══ RECORD EXTRACTS ══
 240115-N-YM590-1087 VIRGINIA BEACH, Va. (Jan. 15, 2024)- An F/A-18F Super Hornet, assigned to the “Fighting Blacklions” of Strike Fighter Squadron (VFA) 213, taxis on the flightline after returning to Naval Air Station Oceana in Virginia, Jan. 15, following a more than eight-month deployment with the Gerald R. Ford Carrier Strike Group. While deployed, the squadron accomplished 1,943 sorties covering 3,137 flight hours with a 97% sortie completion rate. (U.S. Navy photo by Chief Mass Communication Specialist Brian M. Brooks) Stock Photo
═══
══ RECORD EXTRACTS ══
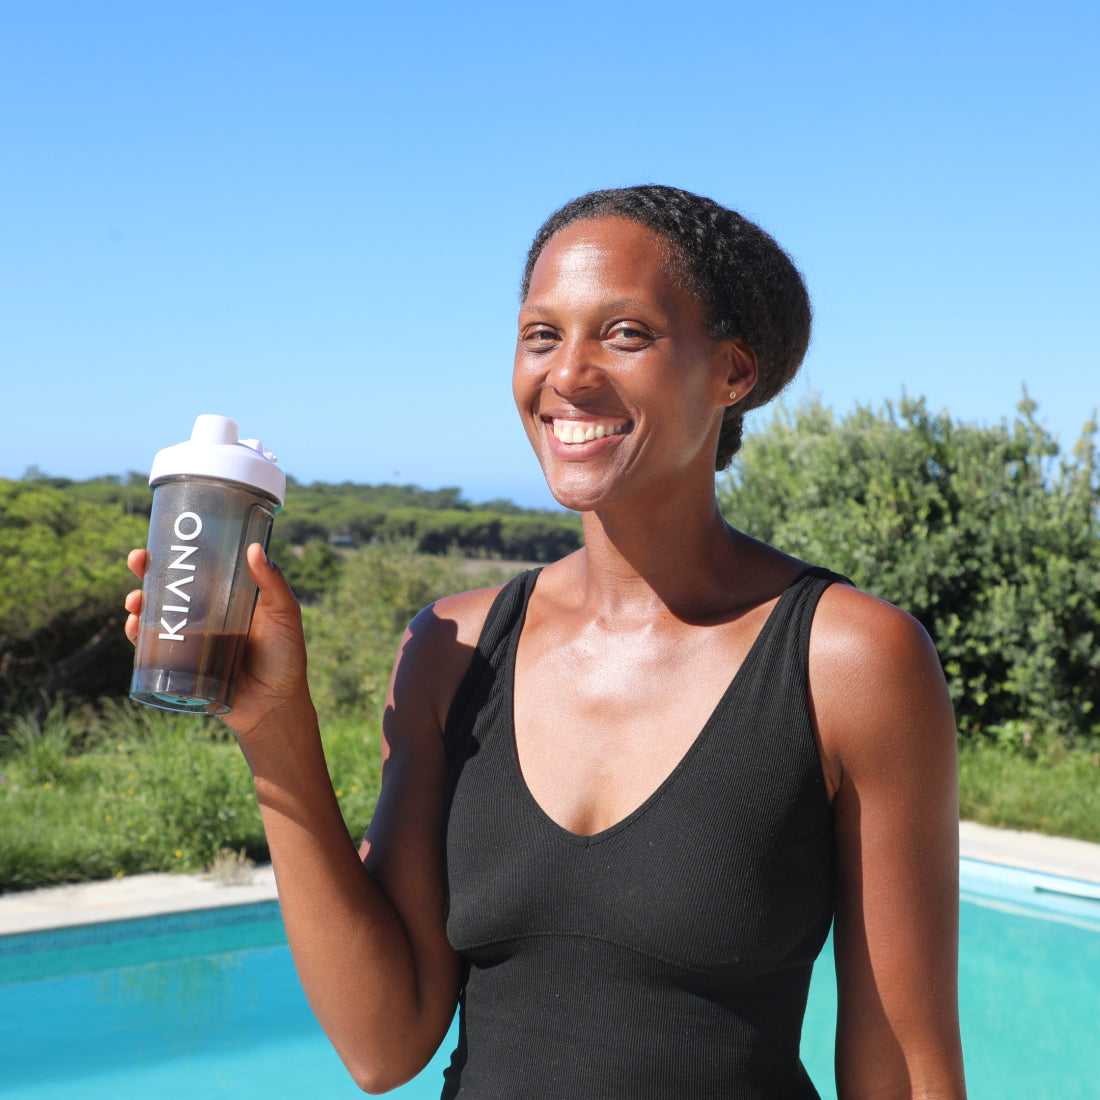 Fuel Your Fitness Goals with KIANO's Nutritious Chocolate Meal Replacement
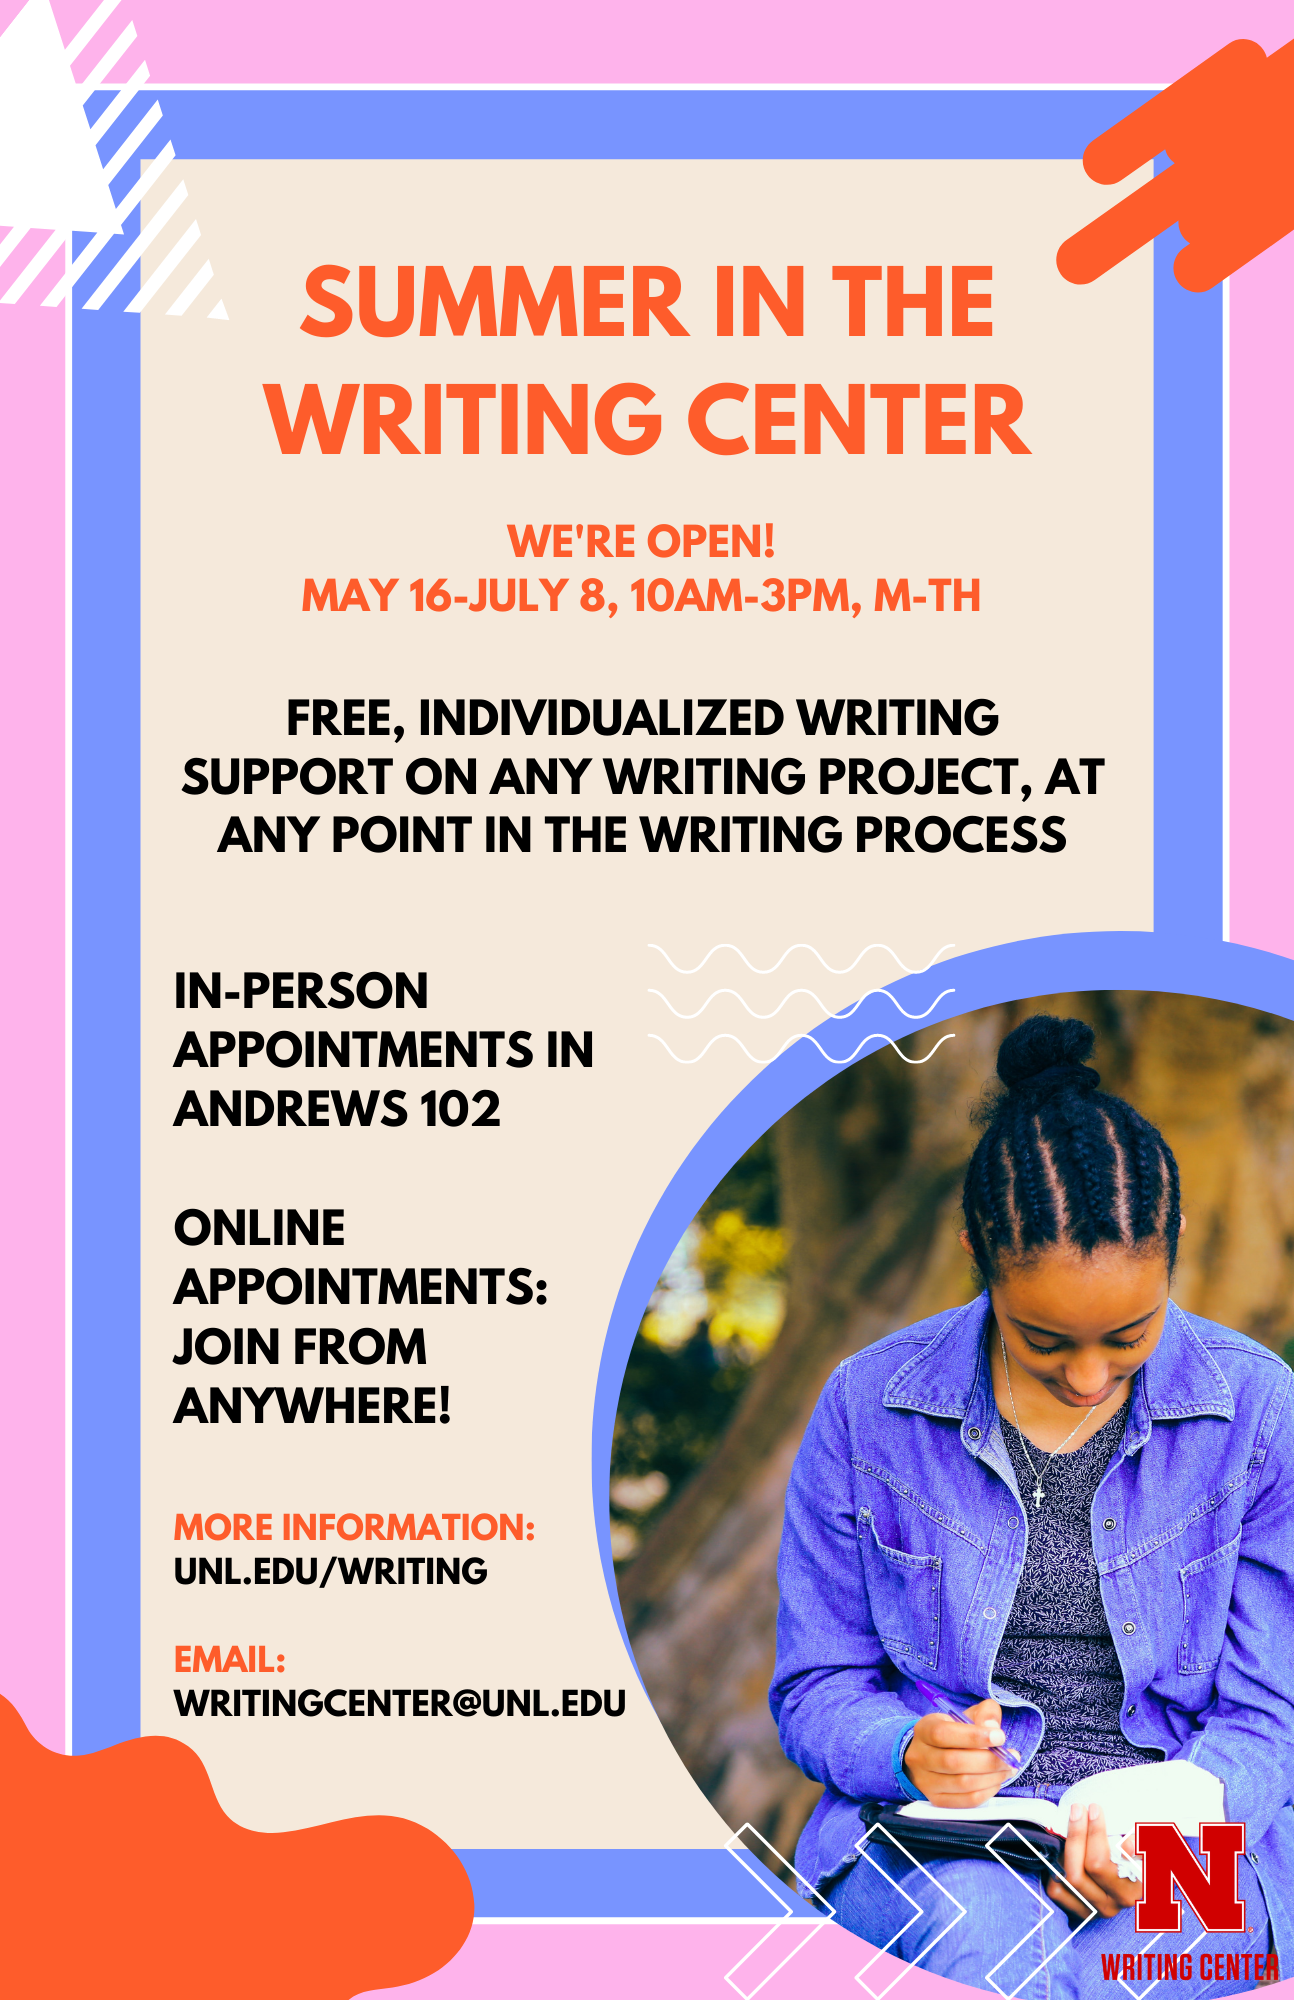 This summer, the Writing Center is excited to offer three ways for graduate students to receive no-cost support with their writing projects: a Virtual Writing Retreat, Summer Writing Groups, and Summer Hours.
═══
══ RECORD EXTRACTS ══
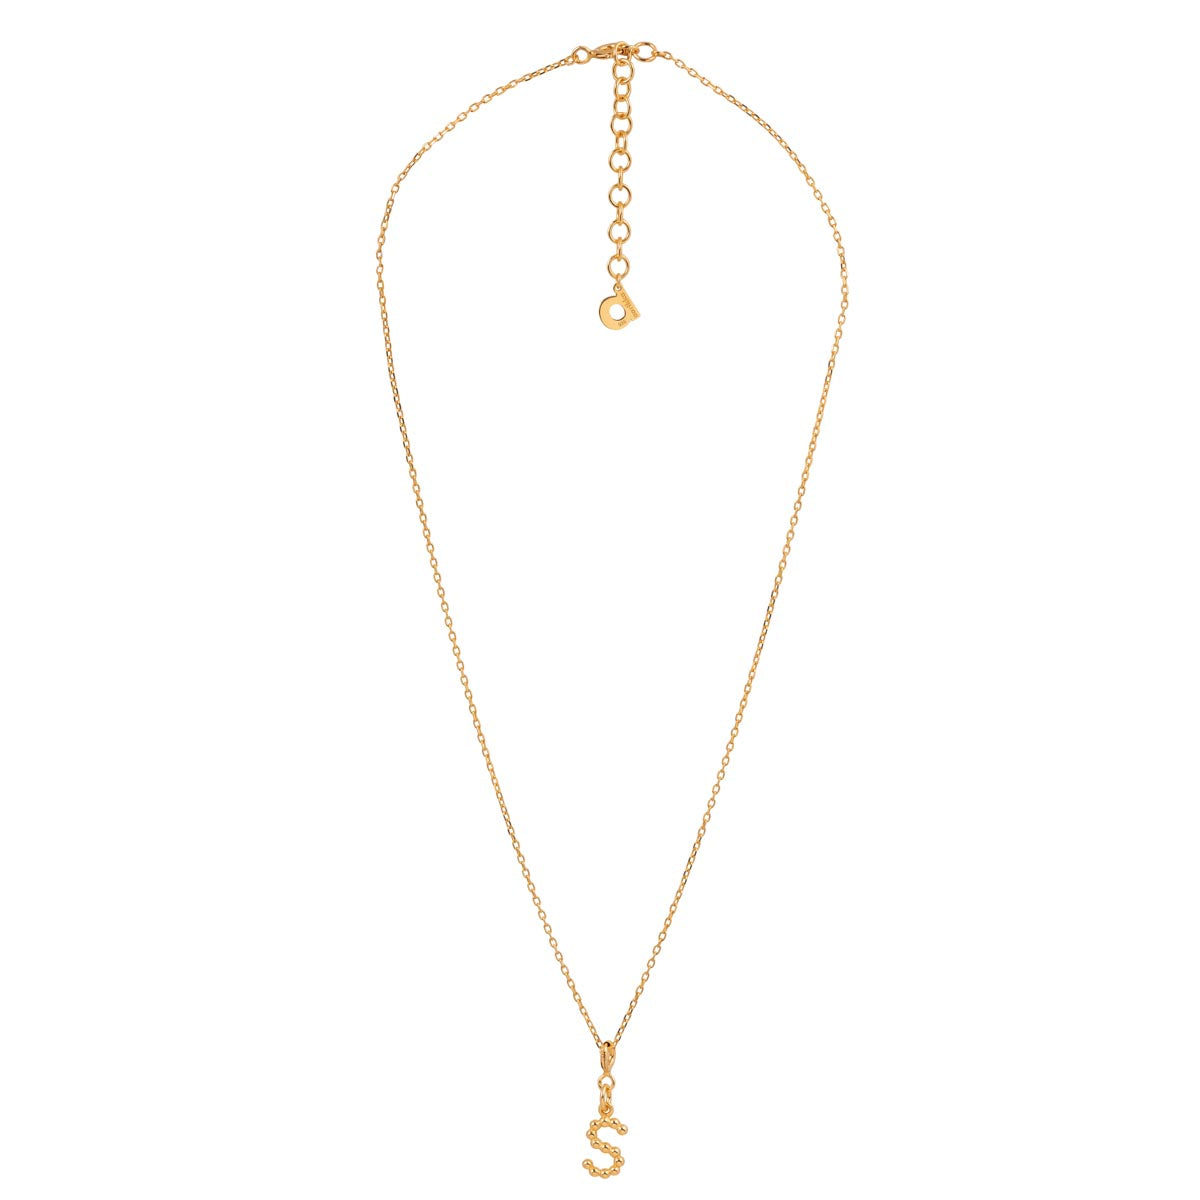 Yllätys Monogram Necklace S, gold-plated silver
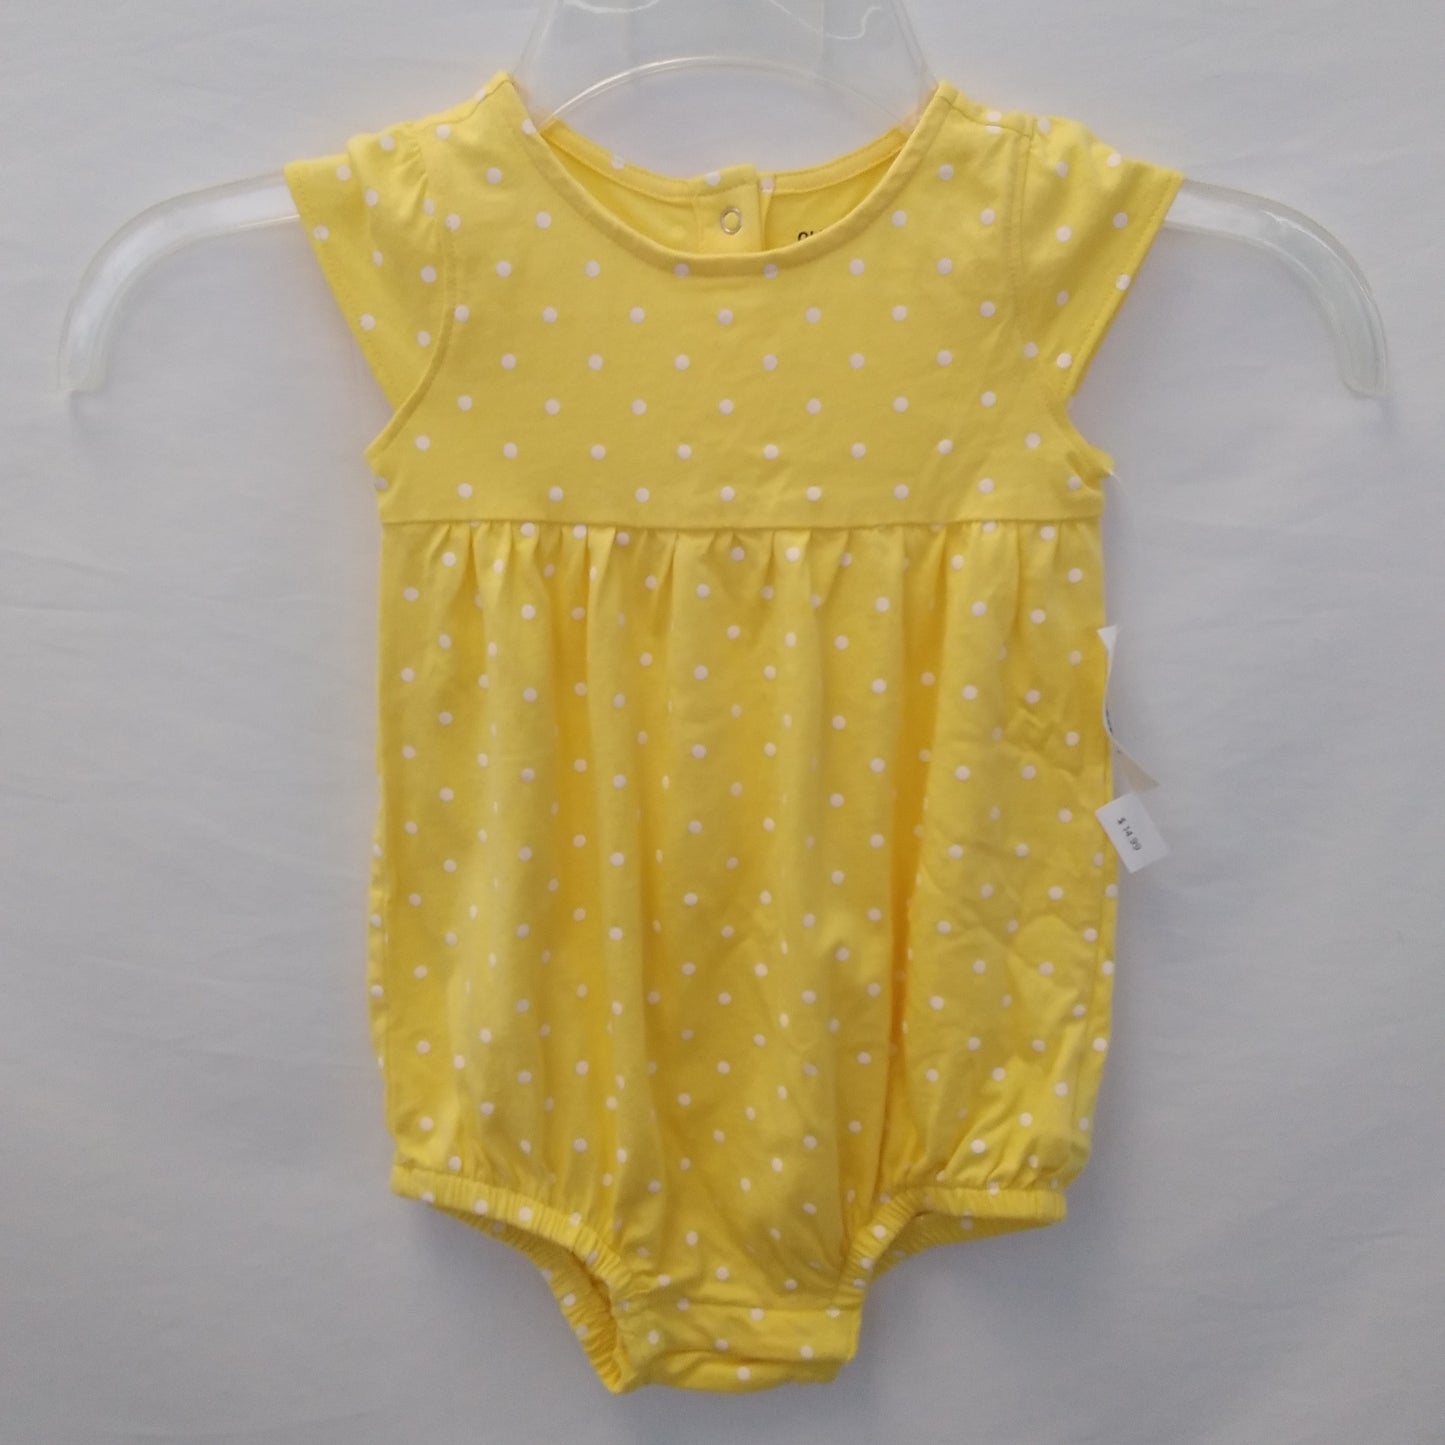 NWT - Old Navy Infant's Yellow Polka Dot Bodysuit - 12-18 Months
═══
- **PROBLEM TO SOLVE**
How would the lines above read from the one with "Yllätys Monogram Necklace" to the one with "NWT - Old Navy", inclusive, with no pictures? Write them out exactly.

- **SOLUTION BELOW**
 Yllätys Monogram Necklace S, gold-plated silver
 NWT - Old Navy Infant's Yellow Polka Dot Bodysuit - 12-18 Months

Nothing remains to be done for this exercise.